抑癌基因缺失下EGFR活化通过调控微环境适变介导胶质母细胞瘤恶性发展

Formation of murine primary glioblastoma multiforme (GBM) induced by overexpression of the epidermal growth factor receptor (EGFR) accompanied with loss of tumor suppressor PTEN and INK4a/ARF was recently demonstrated. The tumor was highly proliferating and infiltrative, however the mechanisms are yet unknown. In this study, U87MG GBM cells which intrinsically carry mutated PTEN and deleted INK4a/ARF locus was used as the primary GBM cell model. Different phenotypes of stable transfected U87MG cells were constructed including U87MG- EGFRvIII (mutated EGFR), U87MG-EGFR (wild type), U87MG-PTEN, U87MG-INK4a/ARF, U87MG-PTEN-INK4a/ARF and U87MG-vector as the vehicle control. Based on these cell models, in vitro, in vivo and ex vivo GBM models was further set up and compared. Combined methodology with Bioinformatics methods and laboratory techniques was employed to investigate mechanisms of the combined effect induced by the three gene variations in GBM cells on key intracellular signaling networks, functional modules with key molecule signatures and the tumor adaptation with the microenvironment through in vitro, in vivo and ex vivo transitions. Furthermore, the role of EGFR siganing activation on tumor microenvironmental adaptation and shaping up was the most investigated. We aim to find key molecular targets, multiple kinase target combination for effective suppression on tumor growth and infiltration in vivo, and in vitro methodology for monitoring efficacy of targeted therapy in GBM in vivo. Moreover, bioinformatics tools was used to analyze and compare high-throughout data of the present biological models in this study, those of clinical GBM of the same phenotype from relevant public databases such as TCGA, and those of Immune and inflammatory related diseases and chronic metabolism diseases obtained from public resources, in order to reveal common features on the regulation network and key nodes among different diseases. Moreover, combinations of anti-inflammation drugs, or antidiabetic drugs with targeted agents were tested on our GBM models to acquire the most effective treatment strategy on the GBM models. In summary, the methodology and results of our project may not only illustrate key mechanisms involved in the formation and progression of human GBM, but also provide interdisciplinary technical platform on relevant cancer research studies.
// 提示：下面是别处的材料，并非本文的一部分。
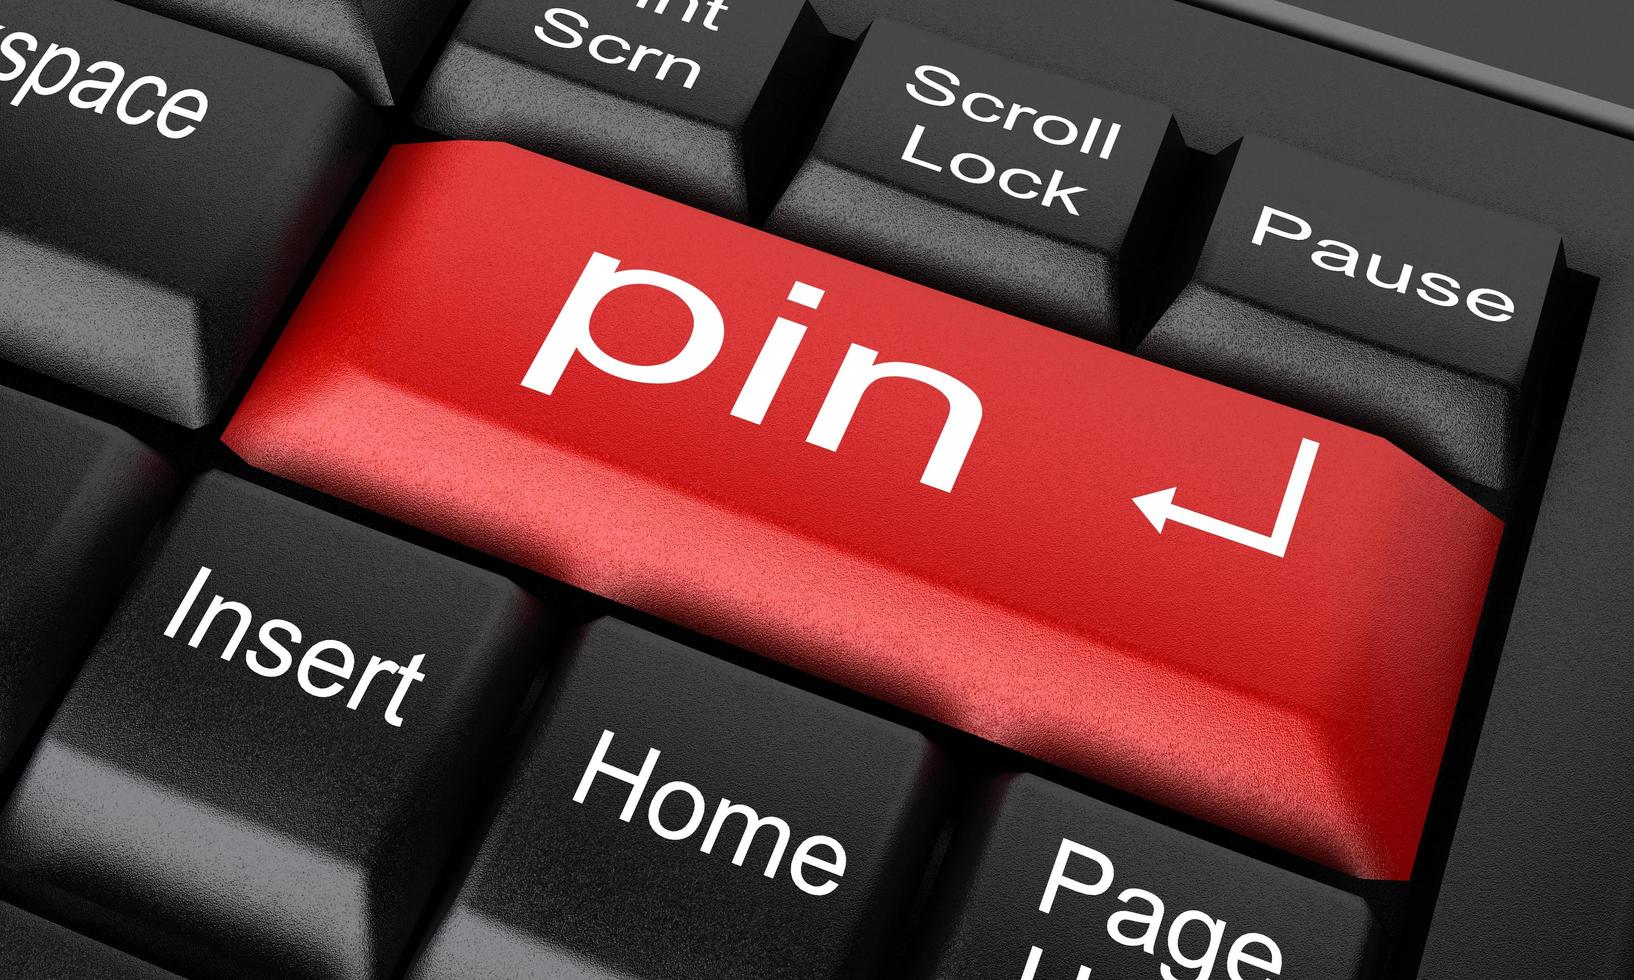 pin word en el botón rojo del teclado foto

表皮生长因子EGFR过表达以及抑癌基因PTEN、INK4a/ARF突变缺失是一部分人胶质母细胞瘤（GBM）的特征性分子变异。这些基因变异可联合促发鼠原发性GBM发生，其肿瘤呈高侵袭性及恶性进展；而仅有抑癌基因缺失的肿瘤则较局限并呈慢性进展。本研究通过已构建的三基因联合变异的GBM模型包括体外细胞、裸鼠原位以及活体外组织培养模型等，结合生物学实验与生物信息学分析，剖析三基因变异组合所致肿瘤信号通路网络、功能模块和效应分子标签、可控性分子靶点以及携带基因变异细胞所介导的体内外微环境适变及其分子机制。通过比较抑癌基因缺失背景下EGFR活化通路对肿瘤体系建立和微环境的影响，寻找最佳靶控分子点，揭示肿瘤发生发展的机制。进一步通过在生物学模型所获得的高通量数据与临床肿瘤及免疫炎性疾病数据的比对分析，揭示不同疾病发展的规律，通过联合应用抗炎药及靶向抑制剂摧毁肿瘤微环境及其体系，有效控制GBM侵袭及进展。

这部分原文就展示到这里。